このようにロボットは、現実世界のモノを識別することにより、動的な情報を加味して顧客に説明することができます。動的な情報とは、パンフレットなどには記載されていない情報、例えば価格や在庫数などです。

顧客は、こうしたロボットから得られた最新情報を商品選択に役立てることができます。

2.3 話者照合技術とロボットの連携

NECの話者照合ソリューションでは、あらかじめ登録された音声のデータベースと、録音した非定型の音声を照合することで、誰が話しているのかを高い精度で特定することができます。

(1) 話者照合連携の活用例

話者照合連携により、ロボットはマイクで録音した音声を話者照合エンジンのAPIに送信し、誰であるかを特定することができます。

こうした音声による人の特定は、顔認証などの認証方法が使用できないようなシーン、例えば、カメラの設置環境が悪い状況などでも活用することができます。また、録音時とは異なる台詞でも照合が可能なため、自然に会話する中で照合することができます。

(2) 話者照合連携による提供価値

このように、音声から人を特定できることにより、VIPのお客様やクレーマーなどを利用者に意識させずに検知することができます。これにより、VIPのお客様には余計な手続きを省いた特別厚遇を提供するなどして、顧客満足度の向上が見込めます。また、クレーマーにはベテランの対応者を割り当てることで、問題発生を未然に防ぐことができます。

話者照合は、他の認証技術と比べ、このような特別な用途で有効な技術であると考えています。

3. 本格展開に向けた課題と対応策

ここまで紹介したように、NECのさまざまな認証技術とロボットの組み合わせにより、

1) 誰であるかを認識して最適な商品をリコメンドする

2) 現実のモノを認識して商品選択に役立つ情報を提供する

3) 利用者に意識させることなくサービスの質を向上させ、問題の発生を未然に防止する

といった新しい価値を多くのシーンで提供することができます。

一方、ロボットの本格的な展開を考えた場合、このような外部サービスとの連携にはいくつか課題があります。

(1) 認証処理の待ち時間について

例えば、第2章1節で紹介した顔認証を外部サービスとして利用した場合を例に考えます。

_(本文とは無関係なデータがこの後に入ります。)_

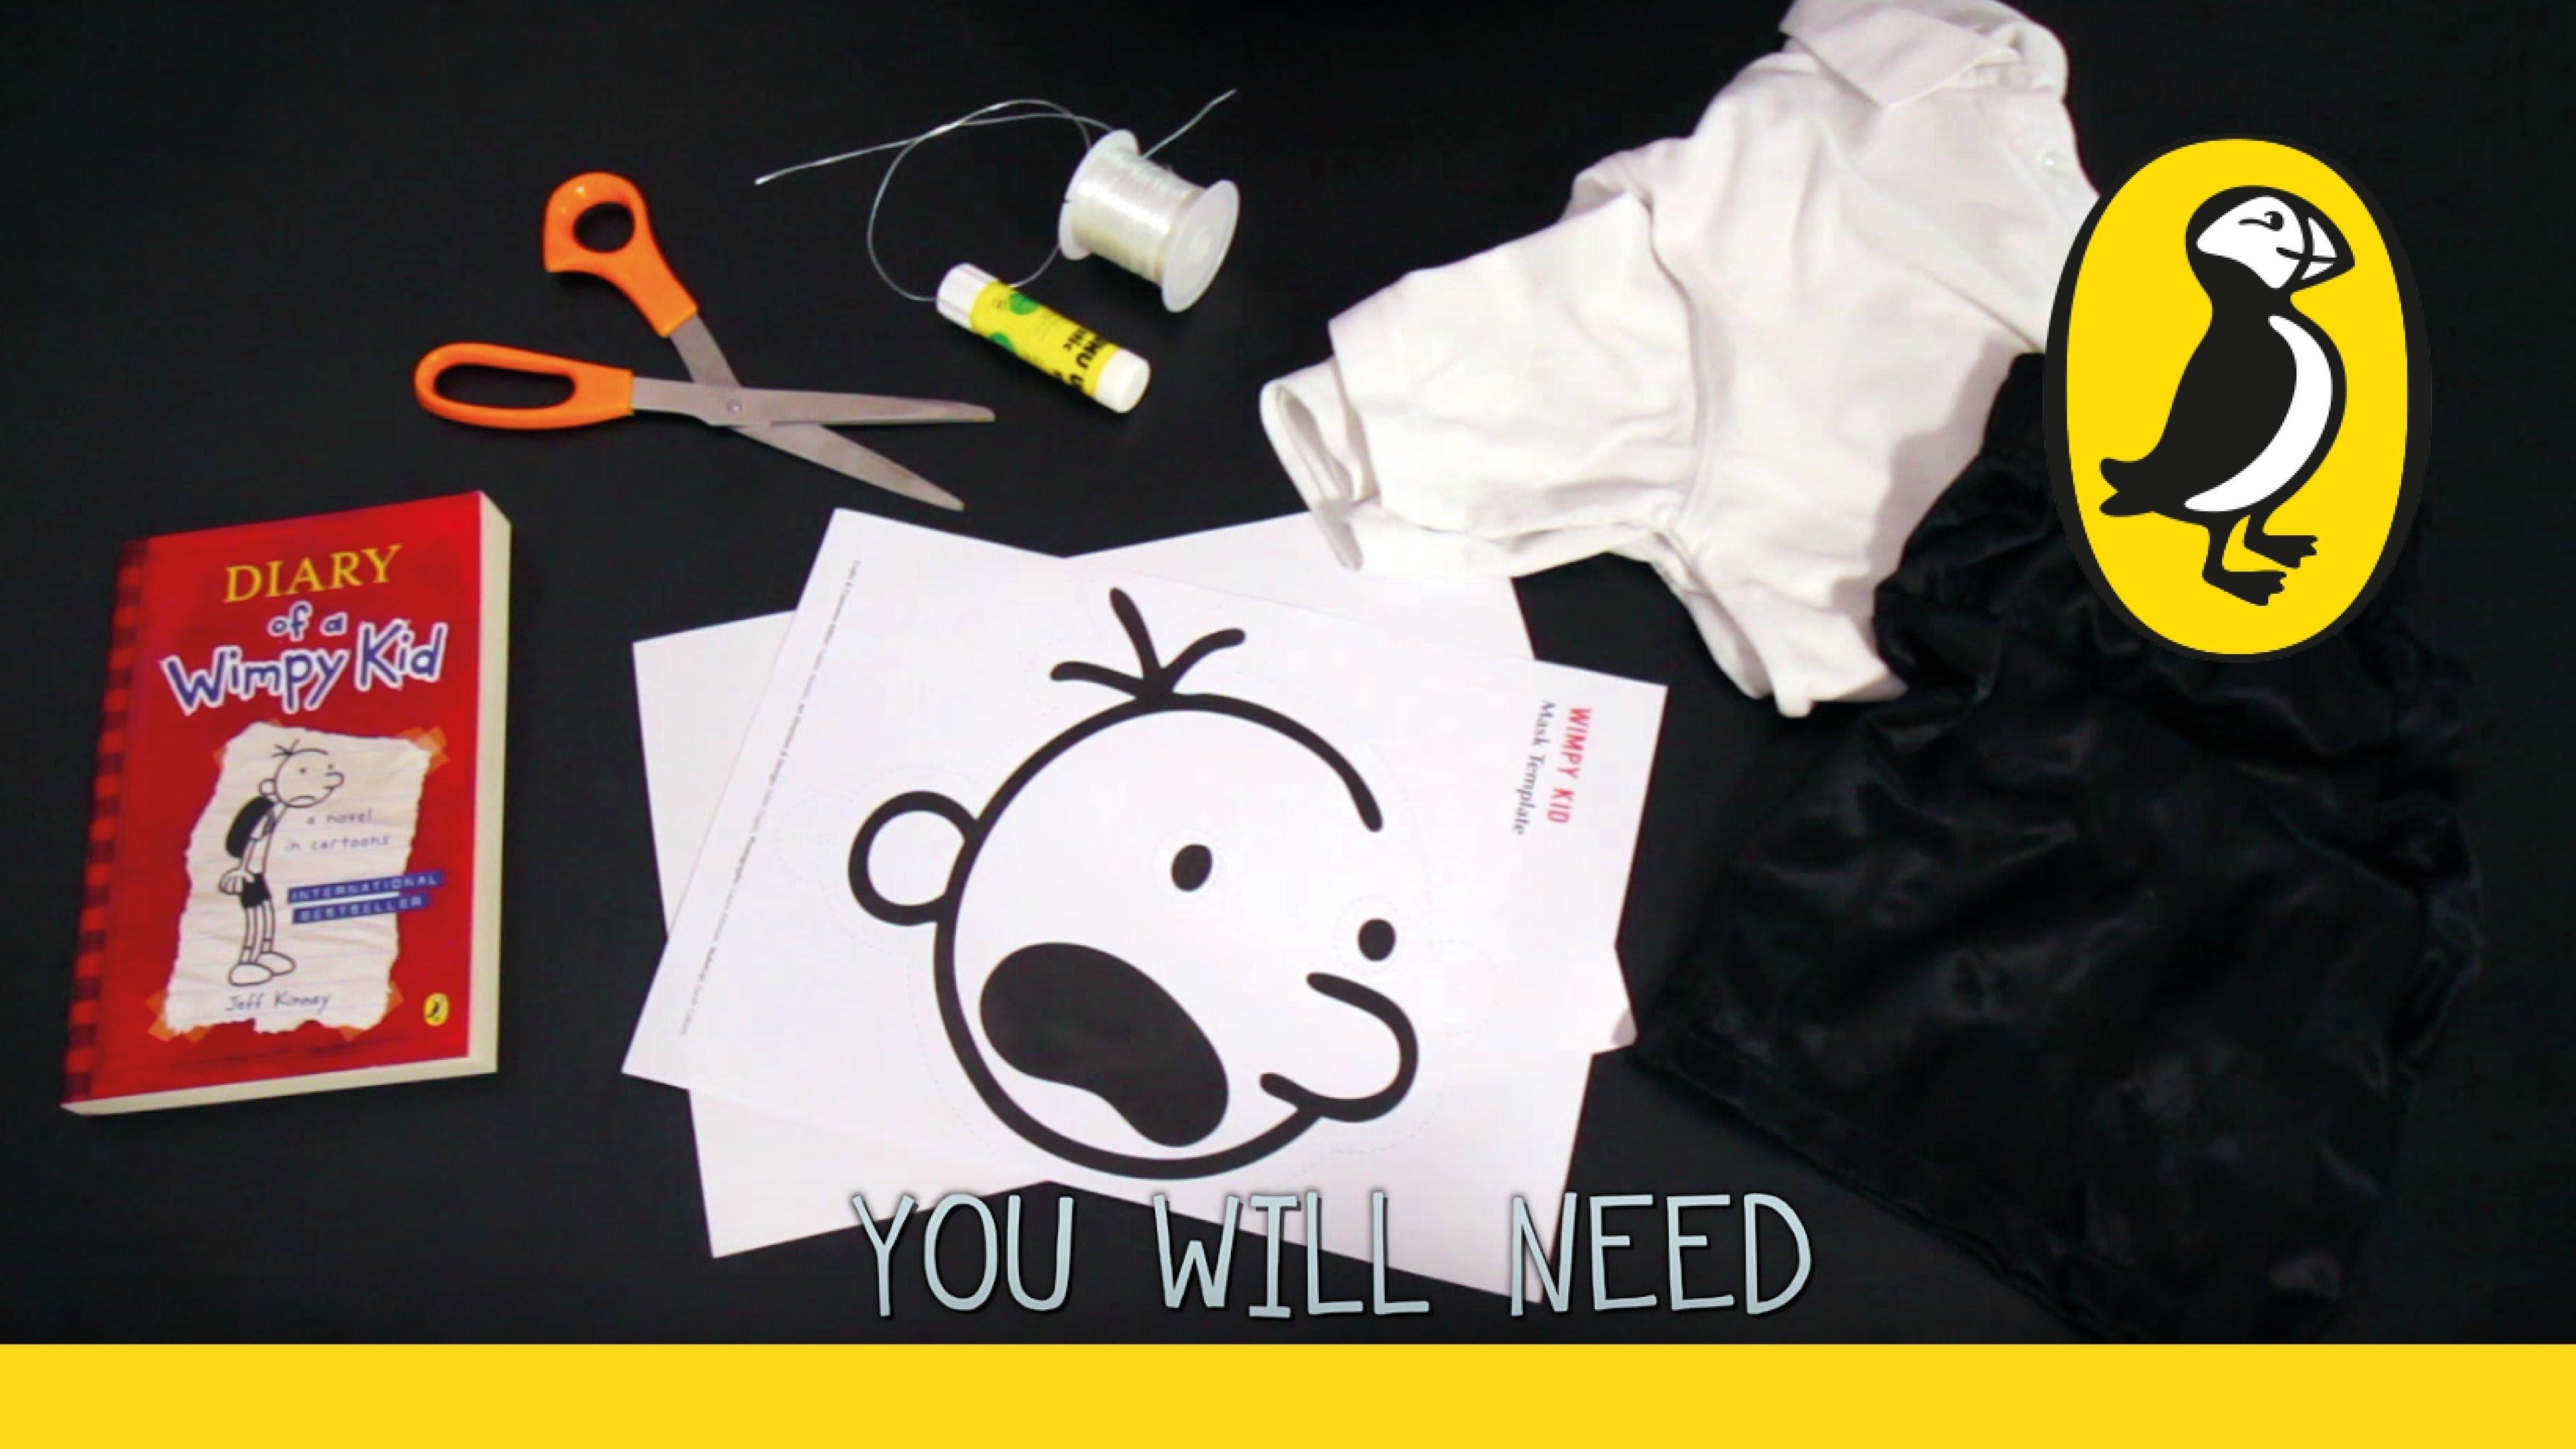 10 Gorgeous Diary Of A Wimpy Kid Costume Ideas dress up as greg heffley diary of a wimpy kid costume idea 2020

精度の高い認証を行うためには、顔がはっきり映ったブレの少ない画像が必要です。そのため、ロボットは利用者の顔を連続で撮影して、照合可能なレベルの鮮明な顔画像が取得できるまで外部サービスに画像を繰り返し送信します。利用者に待ち時間を感じさせないためには、遅延の少ない高速な処理が必要ですが、これら画像の転送に掛かる待ち時間は無視できません。

(2) 待ち時間の短縮方法

このような課題を解決するための方法を検討します。

まず、Wi-Fiなどの、遅延が少なく高速なローカルネットワークでロボットと接続されたコンピュータを用意します。次に、特徴量の抽出までをこのコンピュータで実施する方式を考えます(図5)。

図5 待ち時間の短縮方法

画像データと比較すると、特徴量のデータは数KB程度と、カメラ画像の1,000分の1程度となります。サイズを小さくした特徴量データのみを外部サービスに送信することで、転送処理に掛かる待ち時間が大幅に短縮され、処理全体の高速化が期待できます。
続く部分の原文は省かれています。